Cua Docs

Capture and Dispatch Modalities

How Cua Driver observes and acts on an app — perception always returns both the accessibility tree and a screenshot, the action rung (ax or px) is chosen at action time, plus dispatch and capture scope — and which combinations are valid.

Capture and Dispatch Modalities

Every Cua Driver action is shaped by four things: what the agent observes, which rung dispatches the action, how input is delivered, and what coordinate space the action targets. Most callers never set any of them — the defaults give background, per-window, accessibility-first automation. The key change from earlier versions: perception is no longer a mode you pick. get_window_state returns both the accessibility tree and a screenshot in one call, and the ax-versus-px choice is made at action time, by how you address the target. This page documents the full set so you can reason about the combinations that are valid and the ones the driver rejects by design.

The Axes#

1. Perception — what the agent observes#

get_window_state(pid, window_id) returns both the accessibility tree and a screenshot by default, in one call. There is no capture mode to pick: you ground on the tree and the screenshot together and cross-check one against the other. This matters because the tree lies on some surfaces: it can expose useful structure while still echoing a write the app did not apply, omitting the rendered value, or reporting geometry that disagrees with the pixels. A grounding screenshot is always present, so when the tree looks wrong you check the pixels in the same response.

The accessibility tree is the ground truth for what is clickable — roles, labels, advertised actions, and an element_index handle on every actionable element. The screenshot tells you which one, disambiguates repeated or empty labels, and surfaces captions, colors, and layout the tree omits entirely (common in Chromium and Electron). They are complementary, which is why both come back together.

Perf opt-out — include_screenshot. include_screenshot (boolean, default true) is the one knob, and it is a performance knob, not a modality choice. The default returns both. Pass include_screenshot: false to skip the screen grab and get the tree only — the cheap path when you are re-indexing before an element ax action and don't need fresh pixels. The ax-versus-px decision still lives at action time, not here.
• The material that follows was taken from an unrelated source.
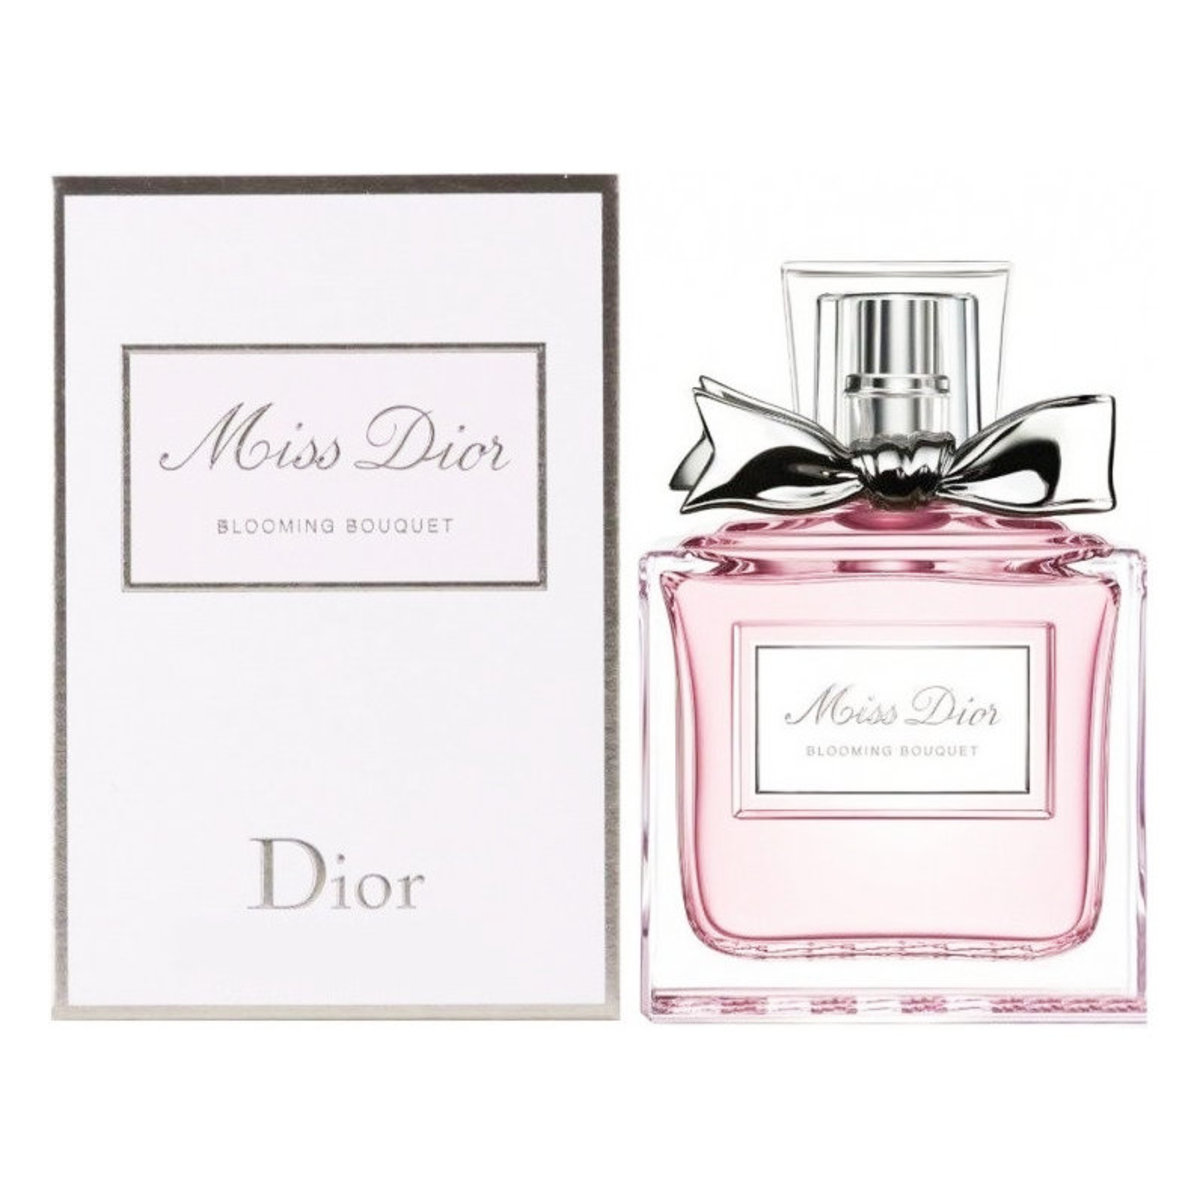 miss dior blooming bouquet black friday
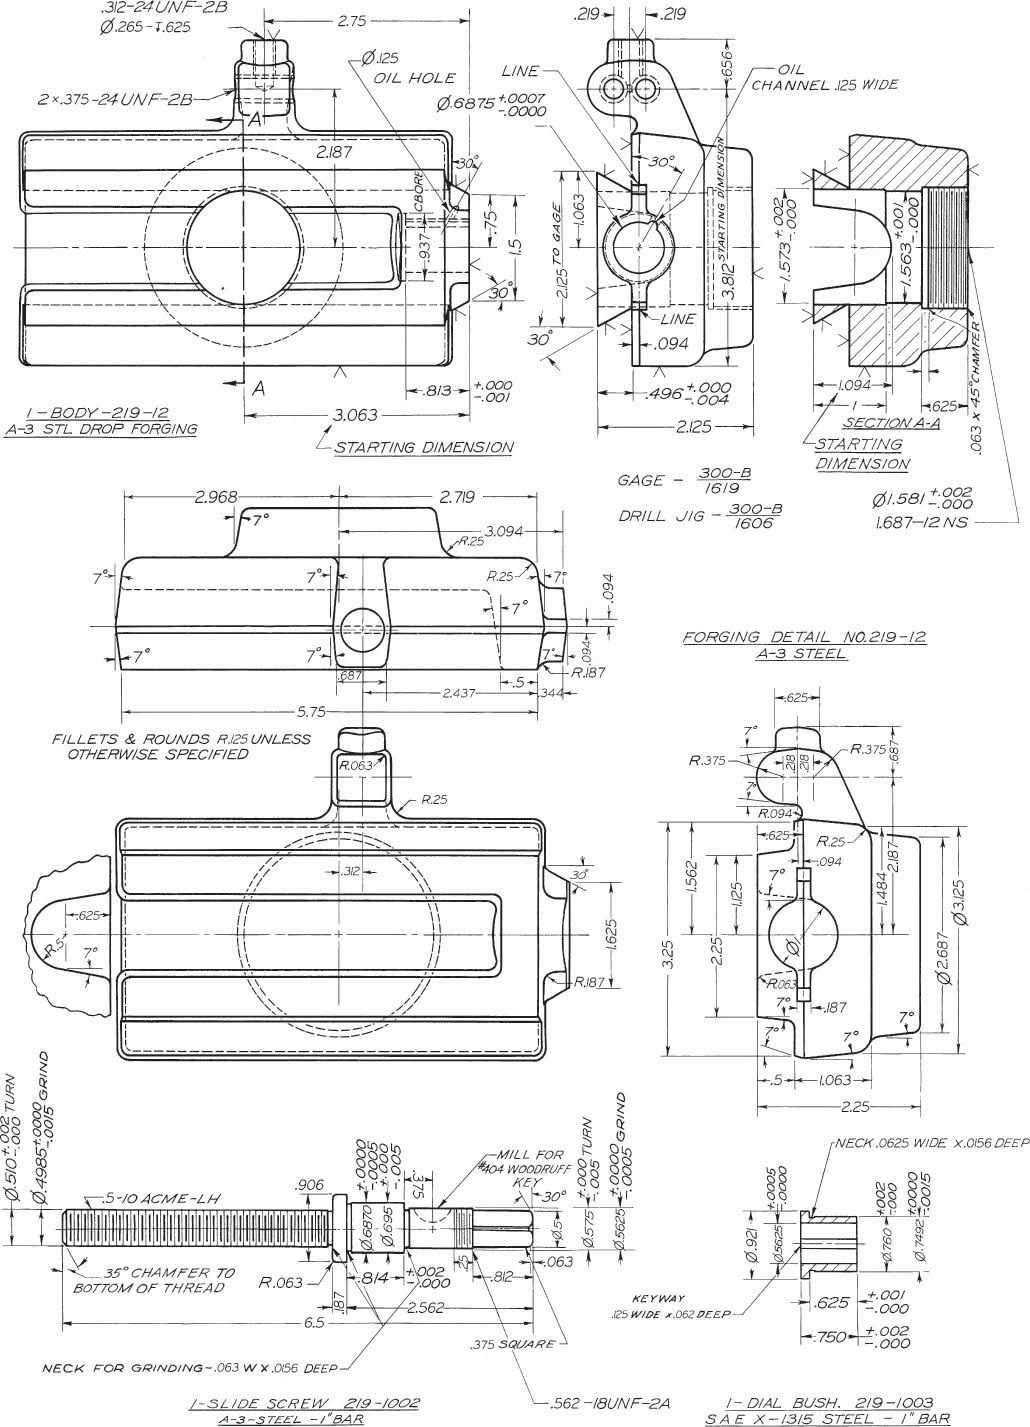 Figure depicts the continued drawing of the slide tool and the assembly details are assigned in the drawing.

capture_mode is deprecated and ignored. It is still accepted on get_window_state so old callers don't error, but it has no effect — both the tree and the screenshot come back regardless of what you pass. The old ax / vision / som / screenshot values all decode (som mapped to ax, screenshot to vision) but none changes what is captured. There is no capture-mode choice anymore; perception is always both. (The separately named screenshot tool — raw PNG, no AX walk — is unrelated.)

2. Action rung — how the target is addressed#

You don't pick a capture mode; you pick how you address the target on the action call, and that one choice selects the rung:

RungAddress withDispatches throughProperties
element ax actionelement_index / element_tokenthe accessibility rung — UIA Invoke (Windows), AXPerformAction (macOS), AT-SPI doAction (Linux)Backgroundable, z-order-independent, and the only driver-verifiable rung.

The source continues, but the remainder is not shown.